For purpose of the further optimization (to avoid memory frame allocations on a stack) - given solution can be transformed to Bottom Up Dynamic Programming algorithm (we will need to traverse river's segments from right to left).
Actually, you might already notice, that at the first step of our algorithm - we sort our boats (default implementation of sorting algorithm in Java has runtime complexity O(N * log(N))).
But, actually, we can sort all boats with O(N) runtime complexity (see: Sorting boats with O(N) complexity).
Other optimizations
Counting boat coverage with O(1) complexity
We can use Cumulative sum array technique for counting fish, which covered by boat with O(1) runtime complexity.
Initially, we have to precalculate prefix-sum array:
| // Precalculate cumulative sum array - complexity O(N)

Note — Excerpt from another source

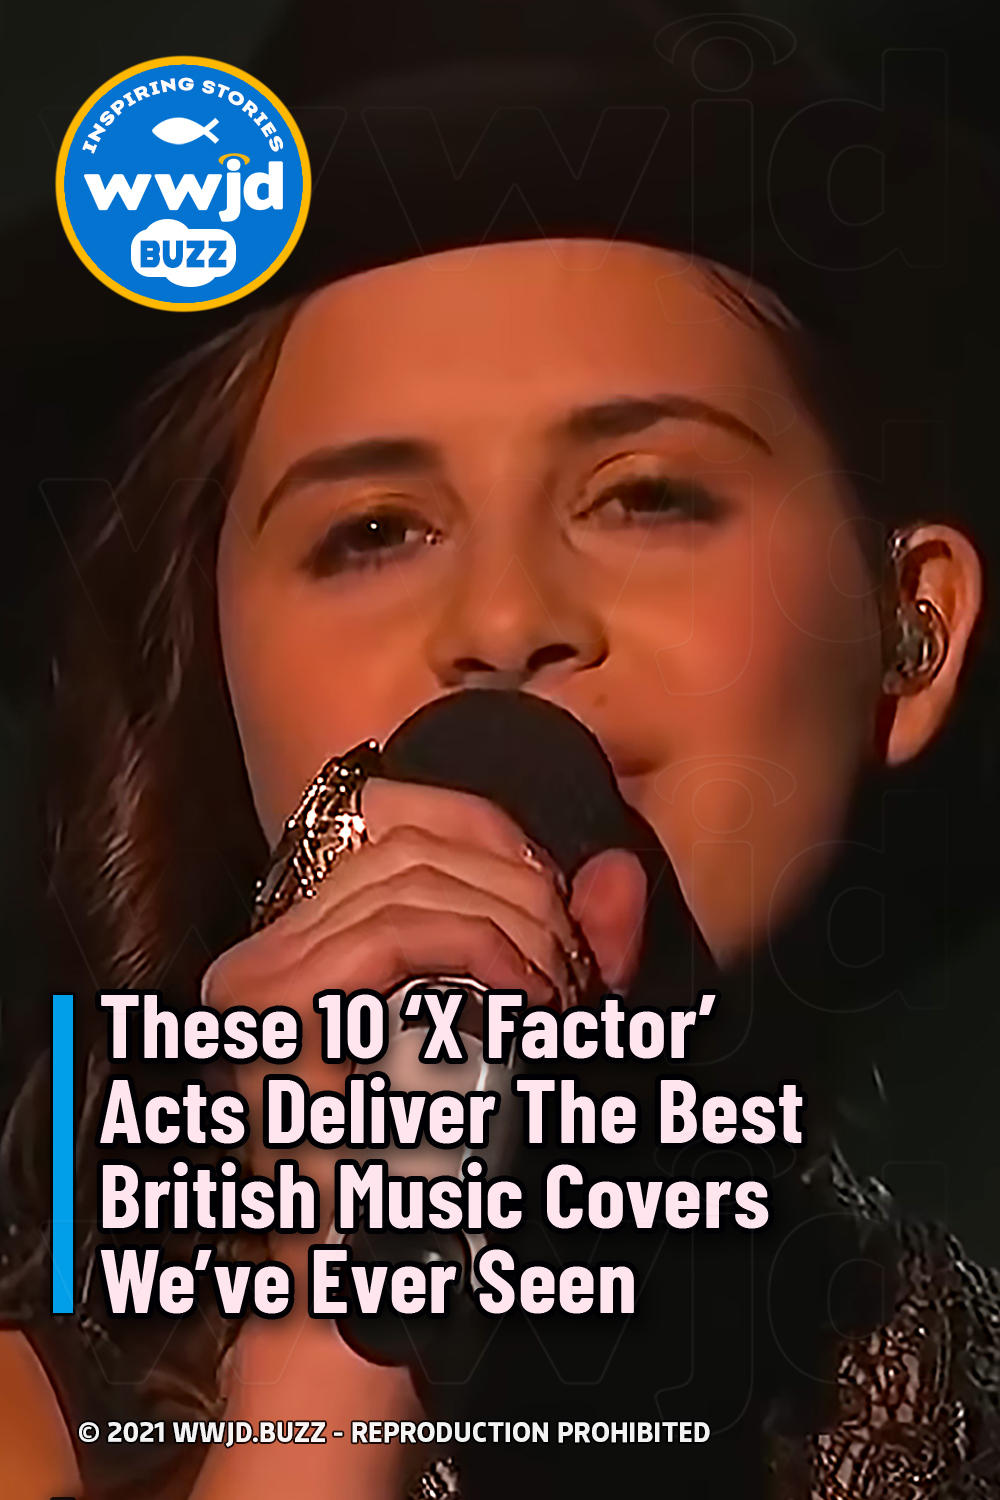 These 10 \'X Factor\' Acts Deliver The Best British Music Covers We\'ve Ever Seen
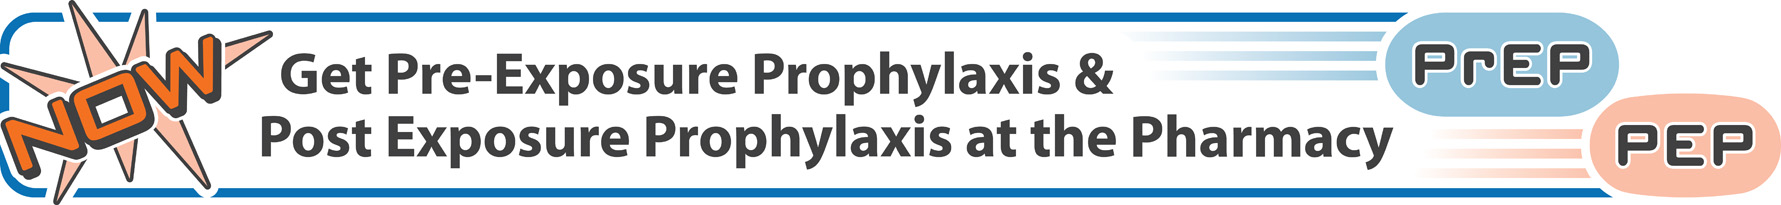 Now Get Pre-Exposure Prophylaxis and Post Exposure Prophylaxis at the Pharmacy

int[] cumulativeSumArray = new int[fish.length + 1];
cumulativeSumArray[0] = 0;
for (int i = 1; i < cumulativeSumArray.length; i++) {
cumulativeSumArray[i] = cumulativeSumArray[i - 1] + fish[i - 1];
}
|
Afterwards, we can use prefix-sum array - for calculation of elements sum on given interval:
| // Complexity is O(1)
static int countFish(int[] cumulativeSumArray, int from, int to) {
return cumulativeSumArray[to] - cumulativeSumArray[from - 1];
}
|
More useful information can be found here: http://wcipeg.com/wiki/Prefix_sum_array_and_difference_array
Sorting boats with O(N) complexity
As far as we know limits of our problem: N <= 100000 - we can use Counting sort to sort boats with O(N) runtime complexity.